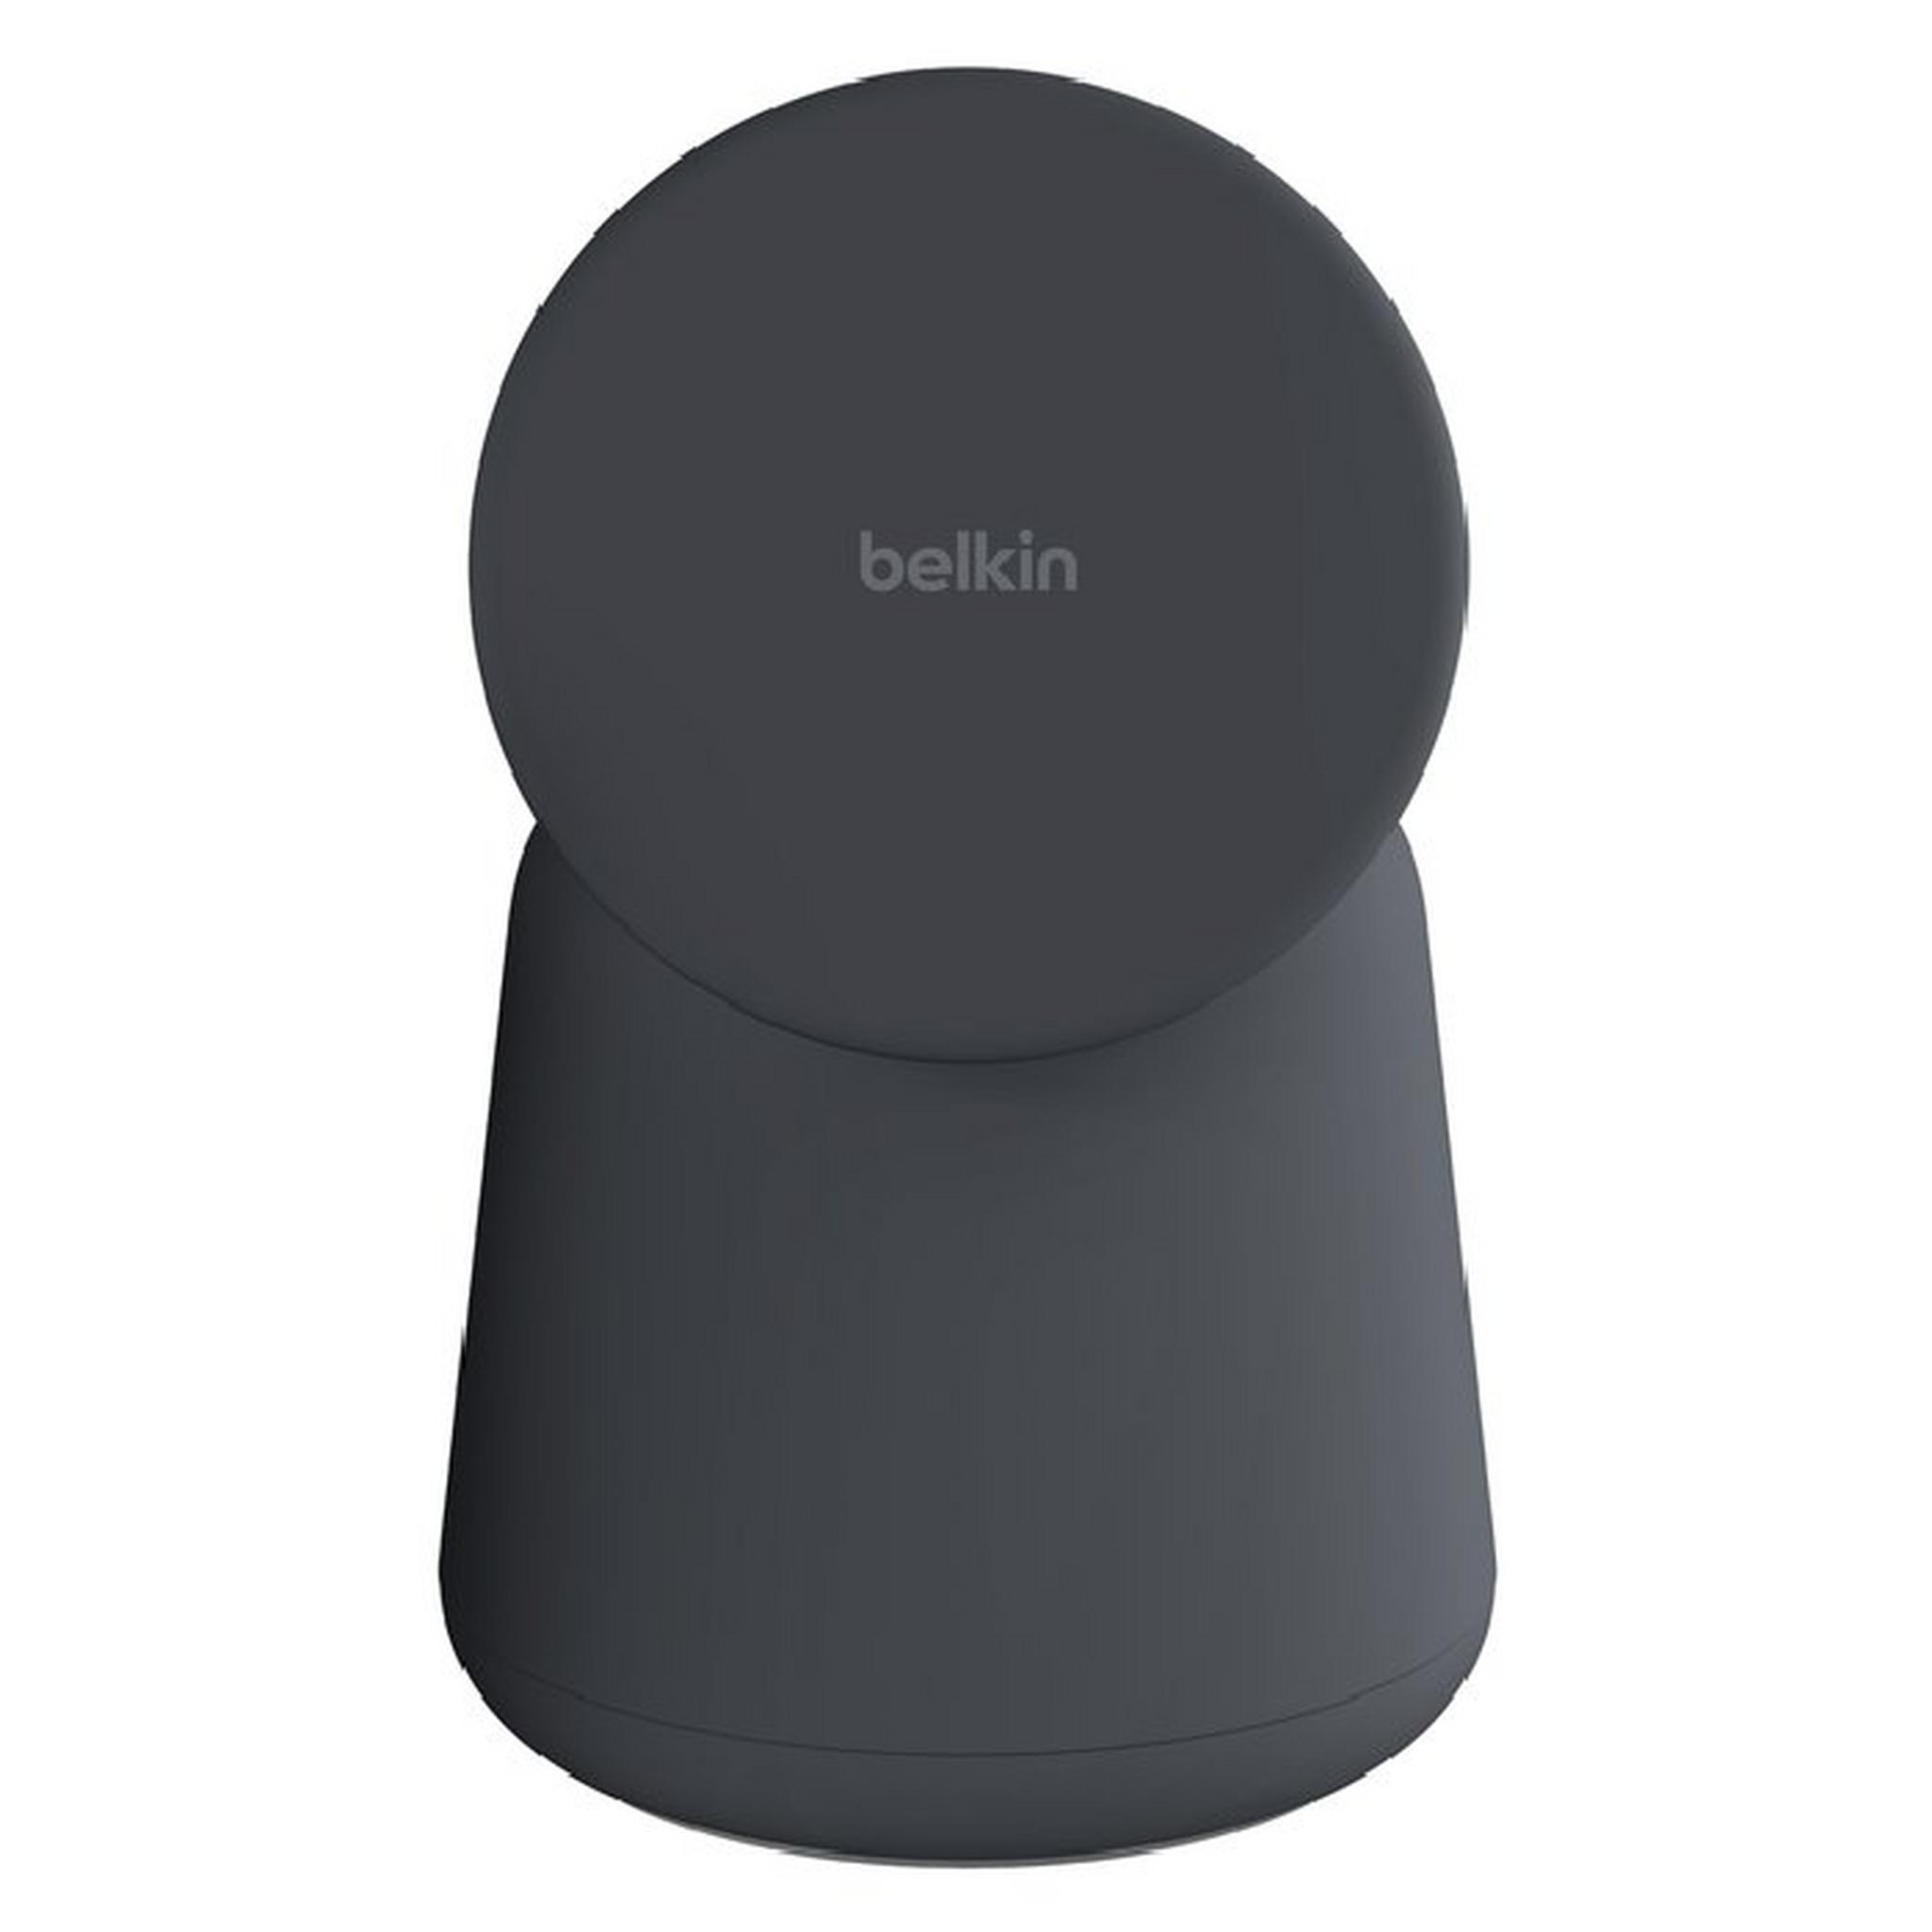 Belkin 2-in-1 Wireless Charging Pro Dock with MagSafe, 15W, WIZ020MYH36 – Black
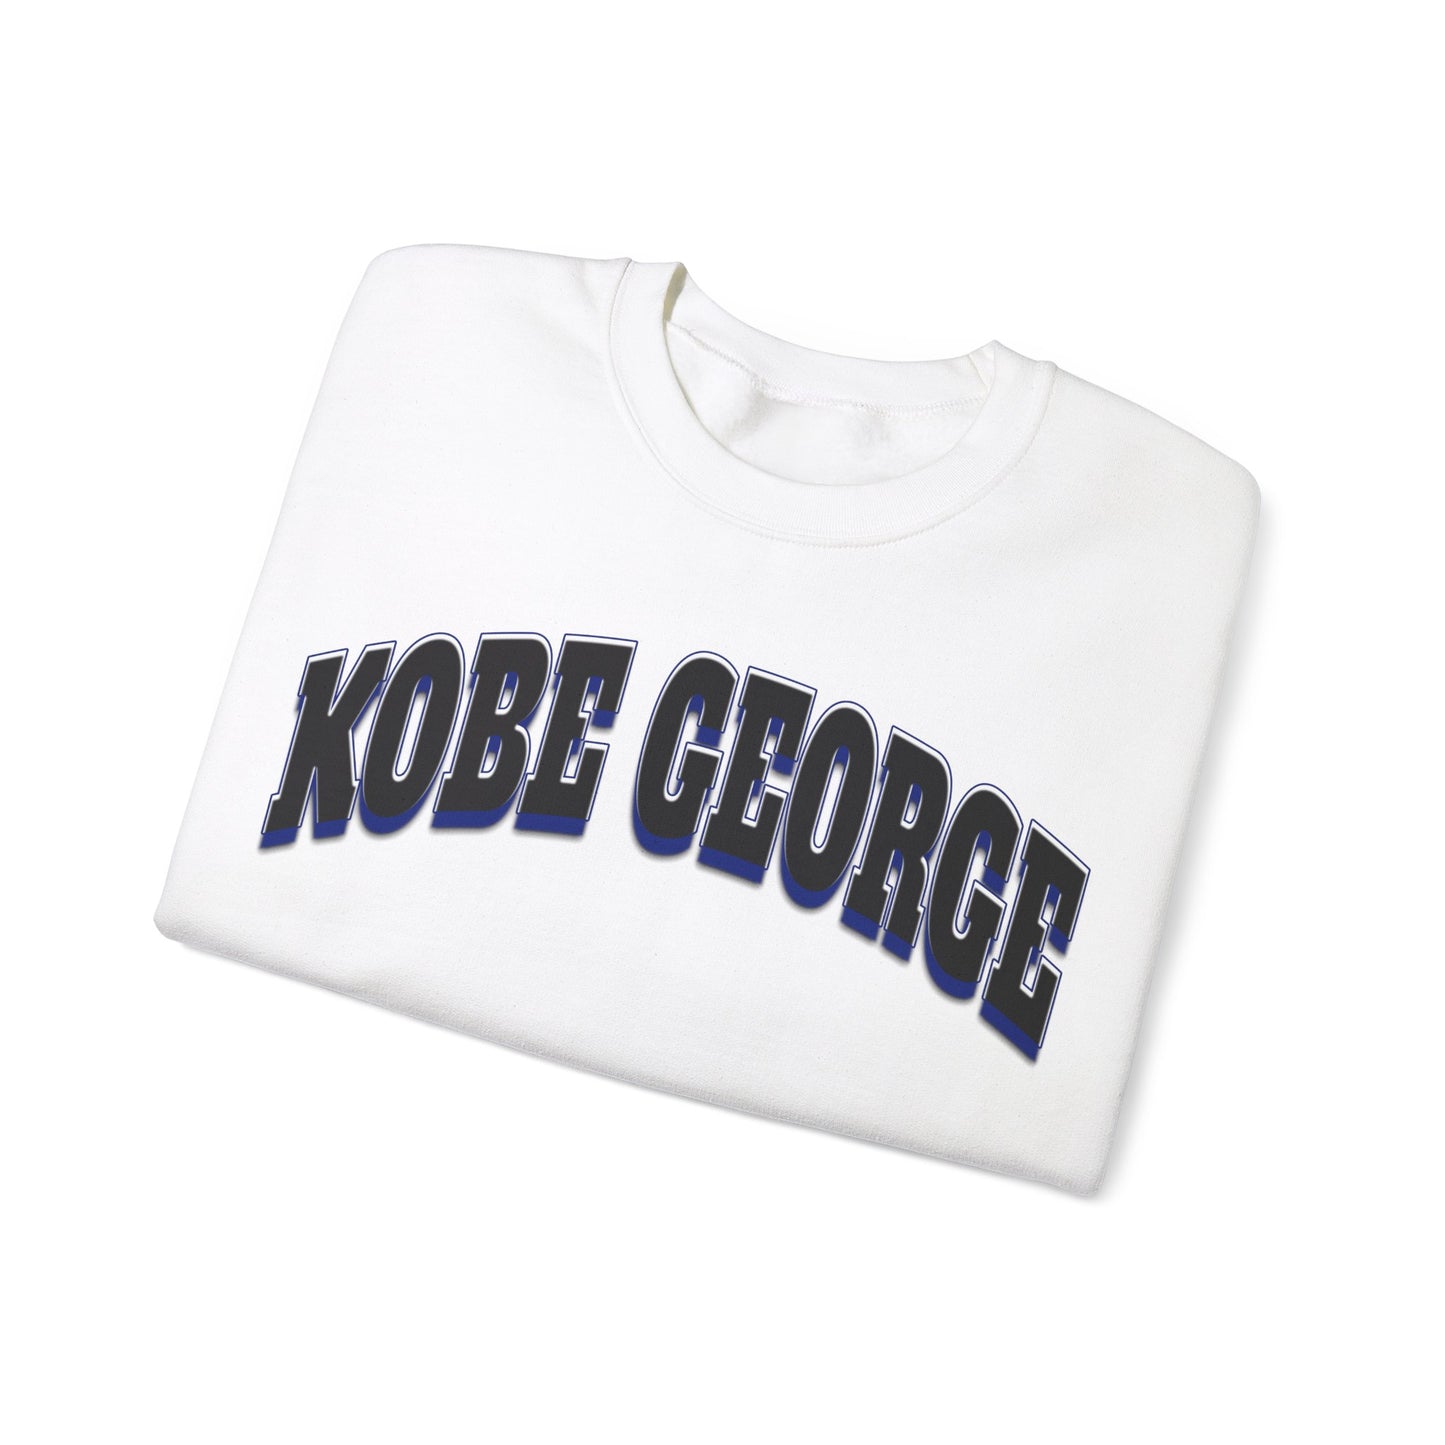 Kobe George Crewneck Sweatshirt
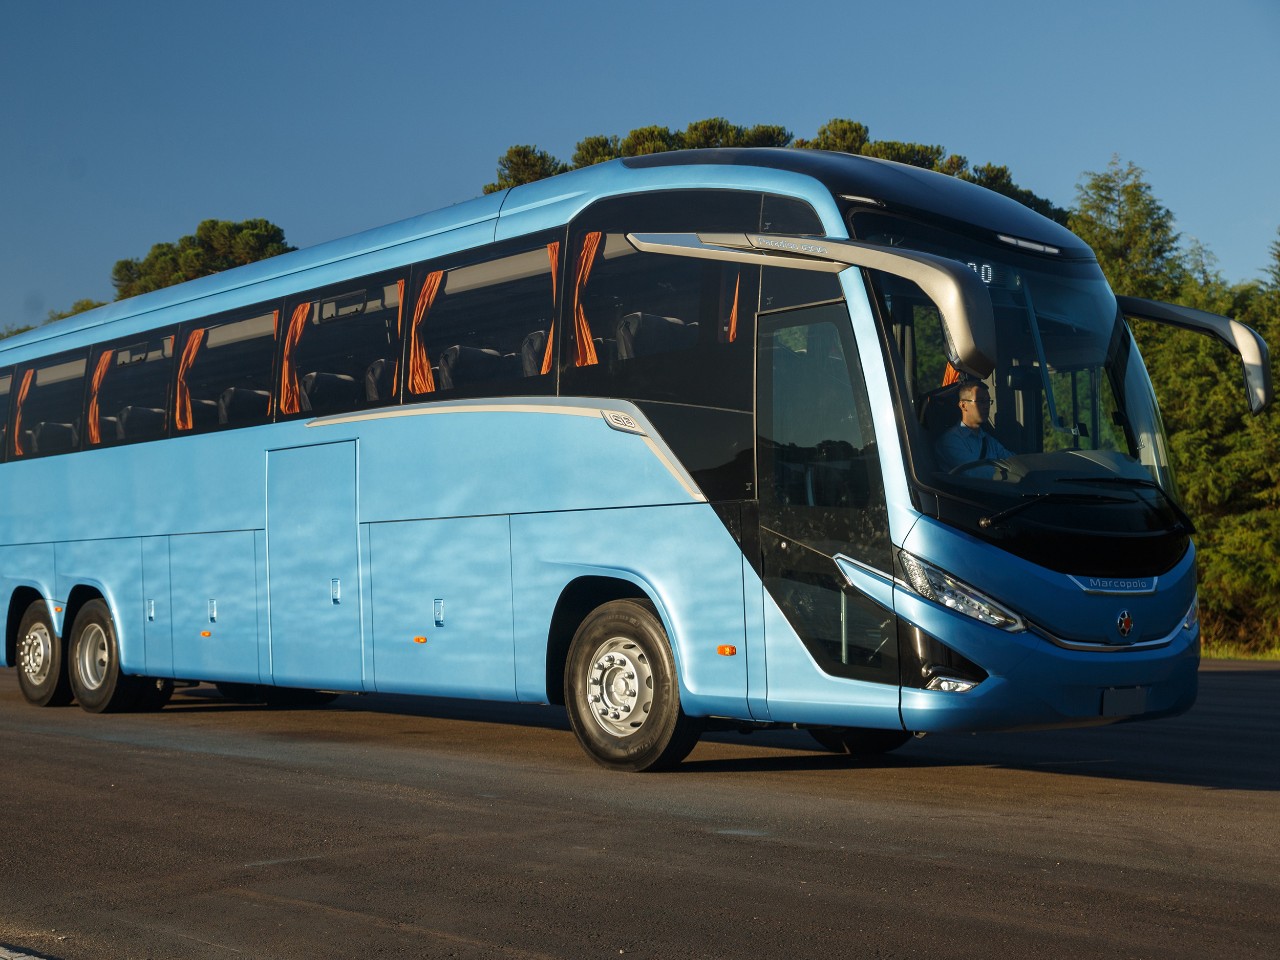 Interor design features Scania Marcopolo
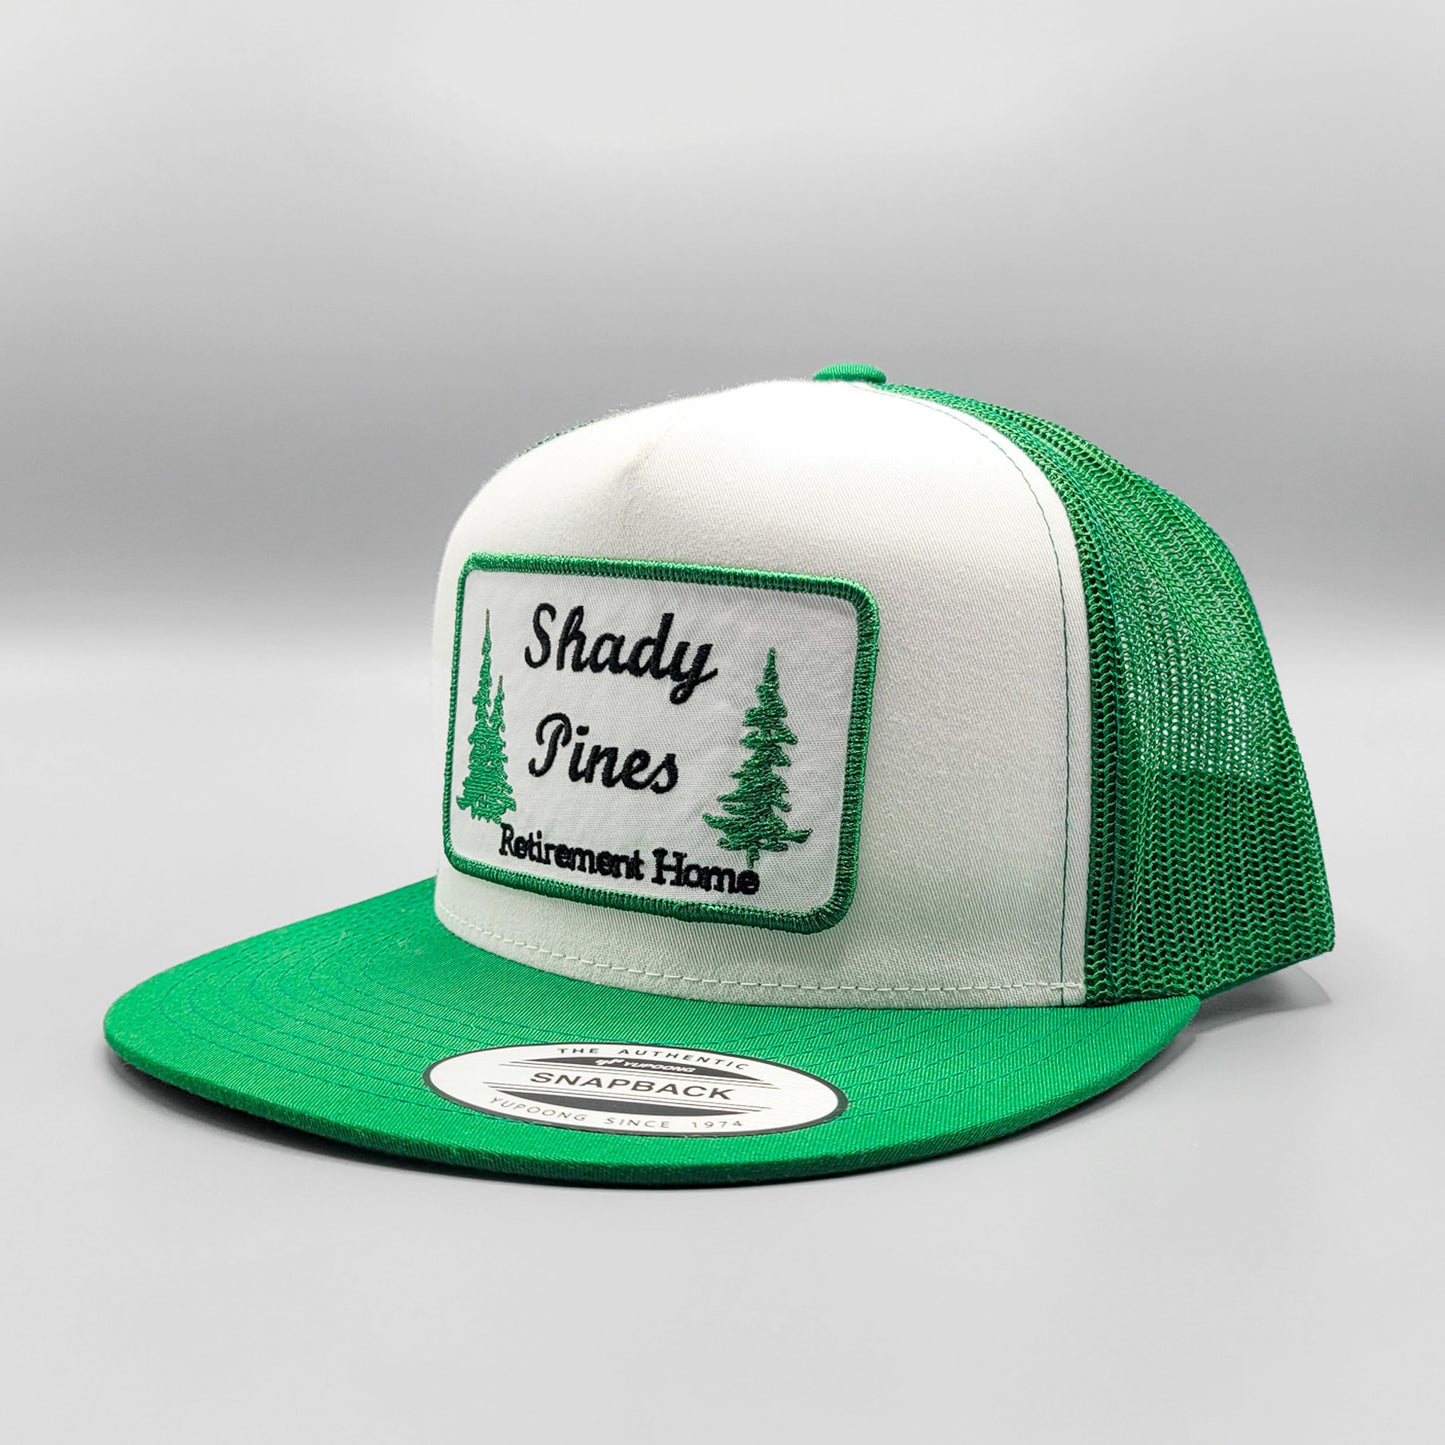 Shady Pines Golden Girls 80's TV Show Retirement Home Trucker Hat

#### Description of the task
When you return the listing, keep each line exact and leave the pictures out.

#### Response area
 Belkin 2-in-1 Wireless Charging Pro Dock with MagSafe, 15W, WIZ020MYH36 – Black
 Kobe George Crewneck Sweatshirt
 Interor design features Scania Marcopolo
 Shady Pines Golden Girls 80's TV Show Retirement Home Trucker Hat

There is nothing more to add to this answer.